Home to one of the most iconic and enduring images of Kyrenia, North Cyprus.
The small but beautiful village of Bellapais sits high on the side of the Kyrenia mountains just to the north east of Kyrenia. It is a village of narrow streets and full of charm but the major attraction lies at the very heart of the village, Bellapais Abbey. This sturdily built 12th century Abbey is graced by towering, slender gothic arches, a picture in themselves and one of the enduring iconic images of North Cyprus.
Bellapais Abbey is believed to be a derivation of the French name 'Abbaye de la paix', Abbey of peace. Back in 1298 when the construction of the abbey started this must have been a really isolated and tranquil spot which attracted the Augustinian monks forced to flee Jerusalem by the Saracens. In all probability it was founded by Amaury de Lusignan, King of Cyprus at the time. King Hughues III was a great benefactor and built further additions in 1267 shaping its present appearance except for the gothic refectory which was added by his successor, King Hughues IV, in the following century. For a time it accepted the Nobertine rule which required the monks to wear white so it became known as the White Abbey.

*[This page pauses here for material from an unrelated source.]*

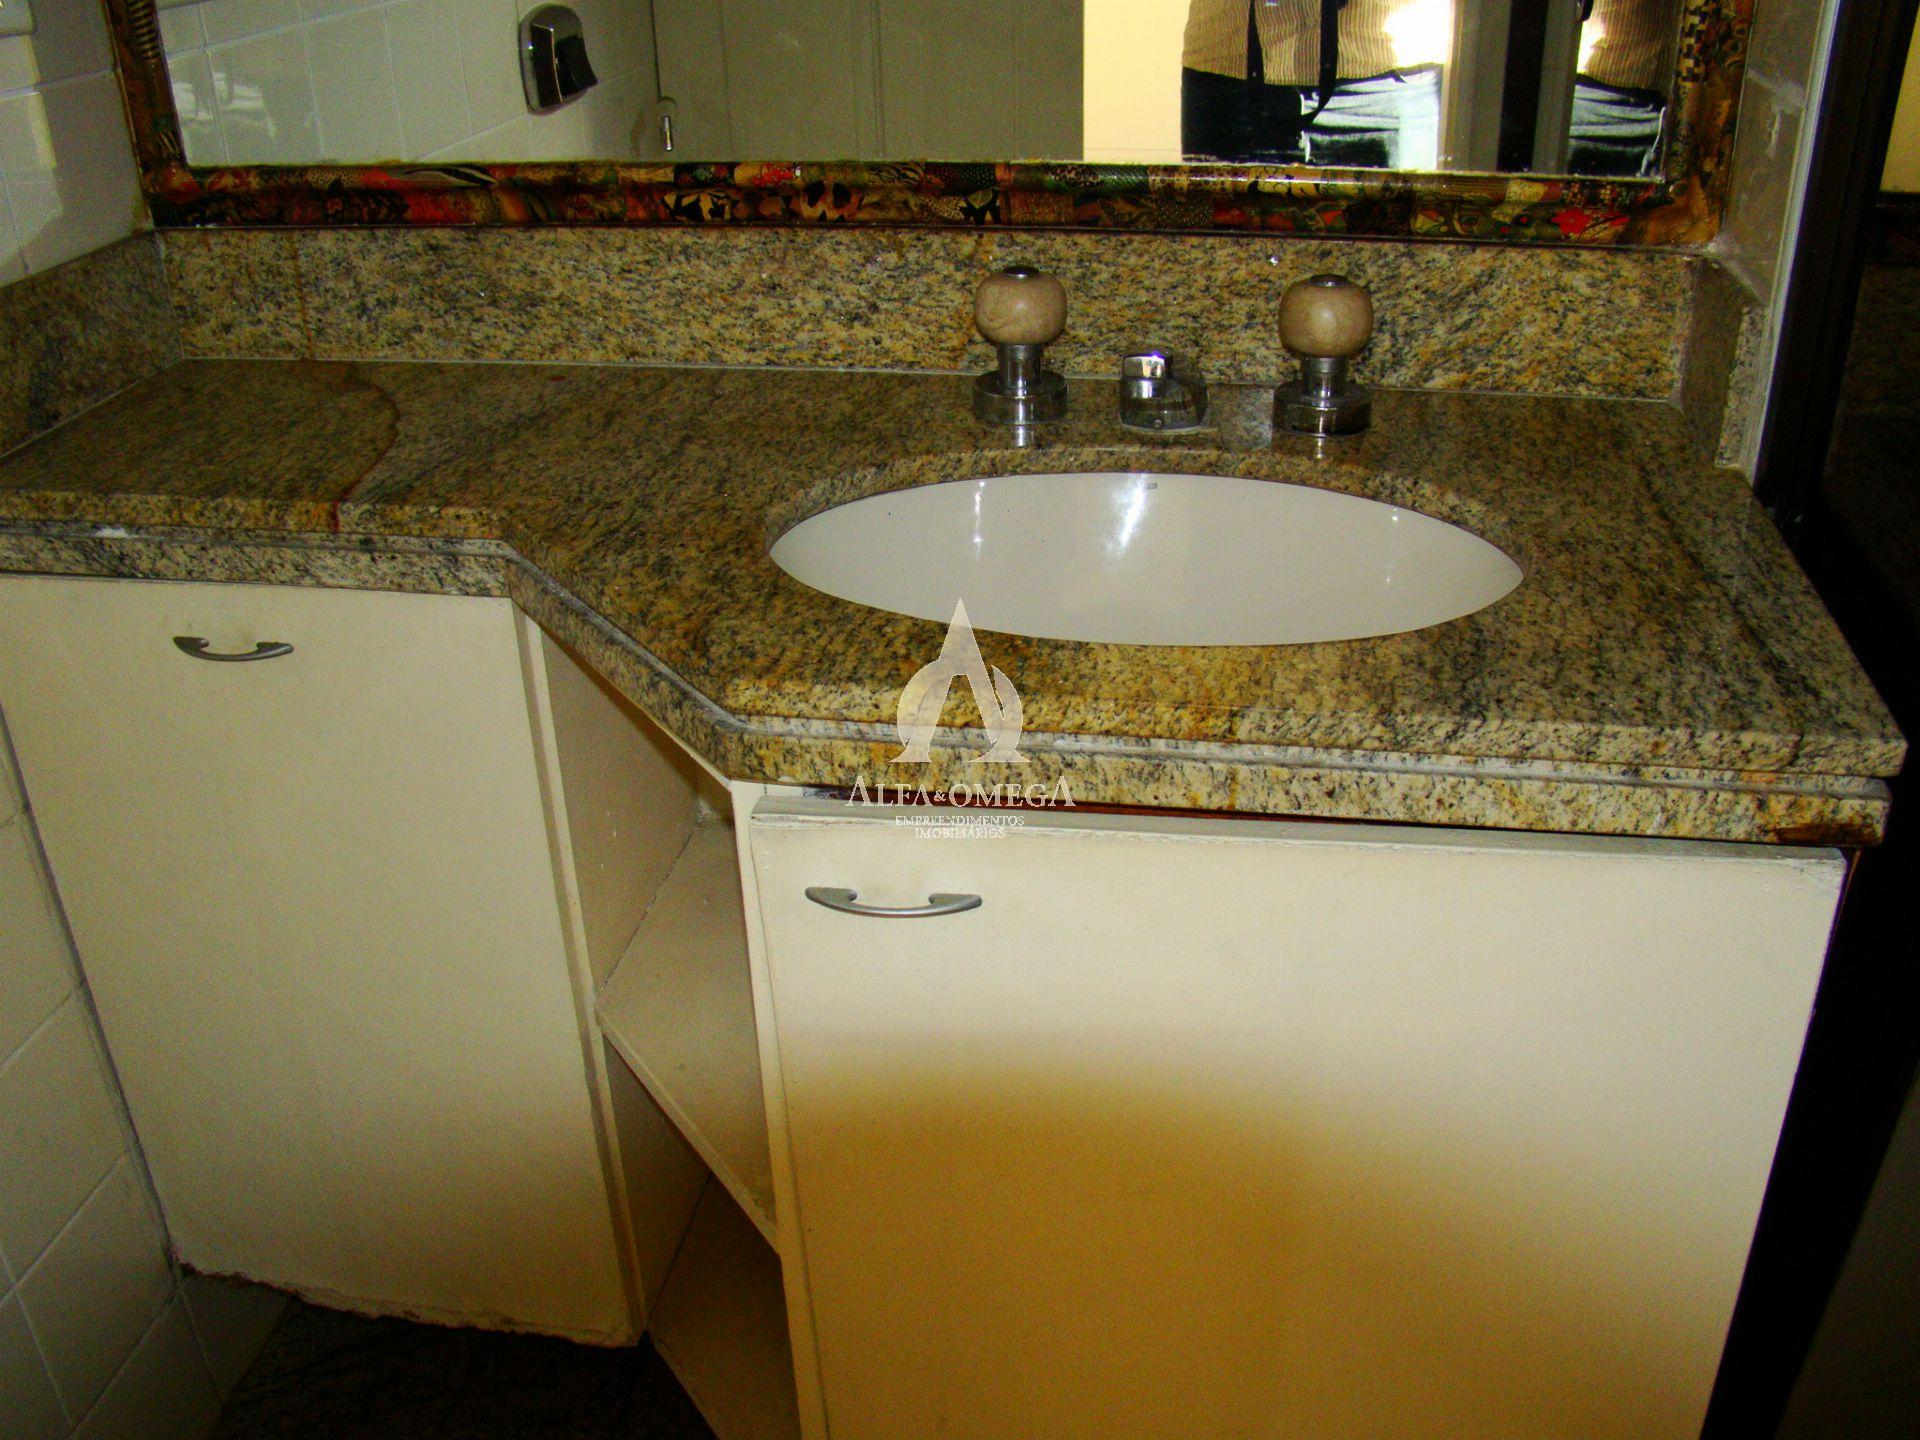 FOTO 21 - Apartamento 2 quartos à venda Barra da Tijuca, Rio de Janeiro - R$ 650.000 - AO20411 - 23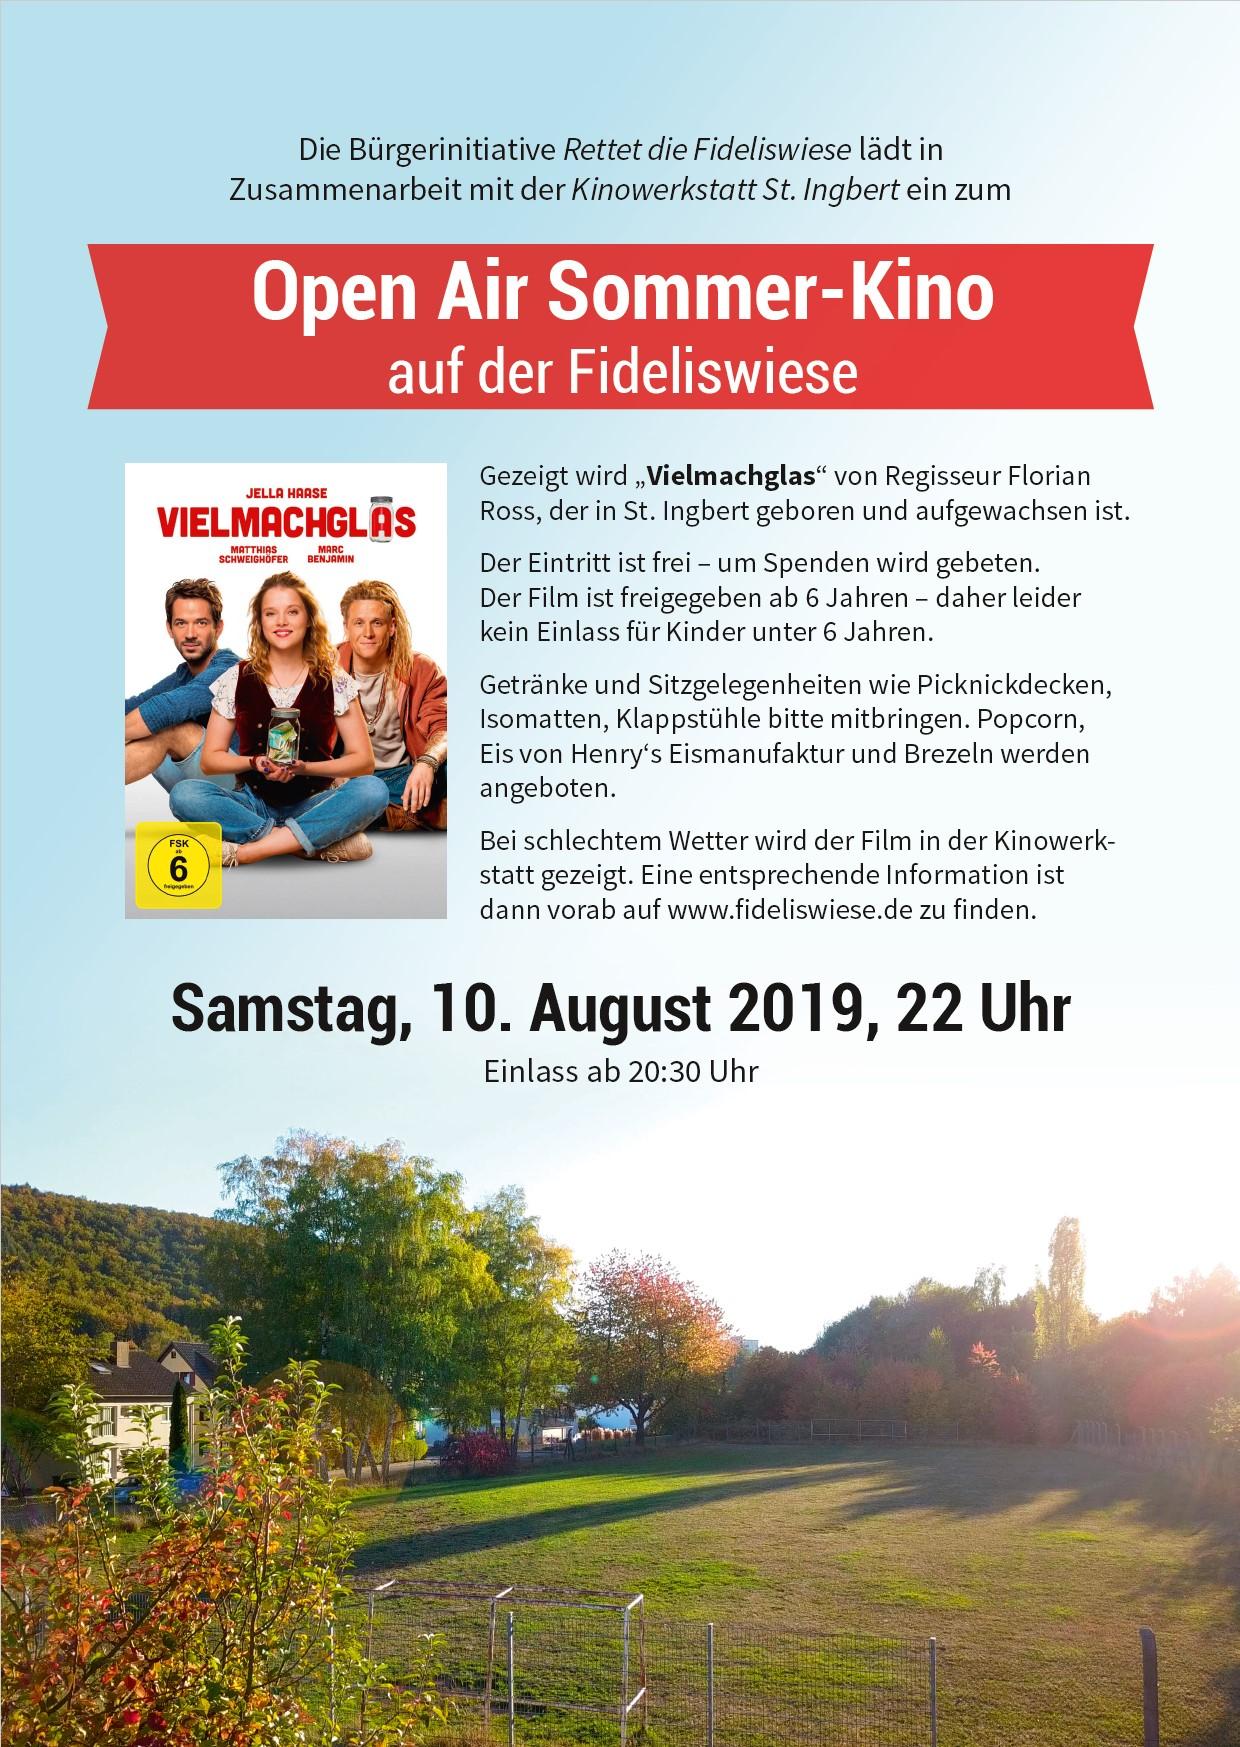 Open Air Sommer-Kino auf der Fideliswiese

Its rich treasury, believed to have contained a fragment of the True Cross, was looted by the invading Genoese in 1373 which led to the abbey's gradual decline. Later, in 1570, it was sacked by the Turks and left in ruins. With all this raw material at hand, it wasn't long before the locals were recycling the stone to build houses and create a village.
Visitors today can enter through an arched and fortified gateway to see, immediately opposite, the oldest part of the abbey, the well preserved 13th century church. Beyond the church lie the cloisters with their delicate gothic arches. On the northern side is the large refectory which is now used for classical concerts, particularly in May when the music festival is held.
The village itself is a popular tourist attraction made more famous by Lawrence Durrell who lived here from 1953-6. His book, 'Bitter Lemons of Cyprus' was both a comic and serious account of his life in the village and unfolding dramas in the Cypriot drive for union with Greece, 'enosis'. Visitors are still trying to identify the Tree of Idleness, the mulberry tree which shaded him while he relaxed with a drink. His house, suitably named Bitter Lemons, lies up the hillside to the south but has been extensively modified since his day.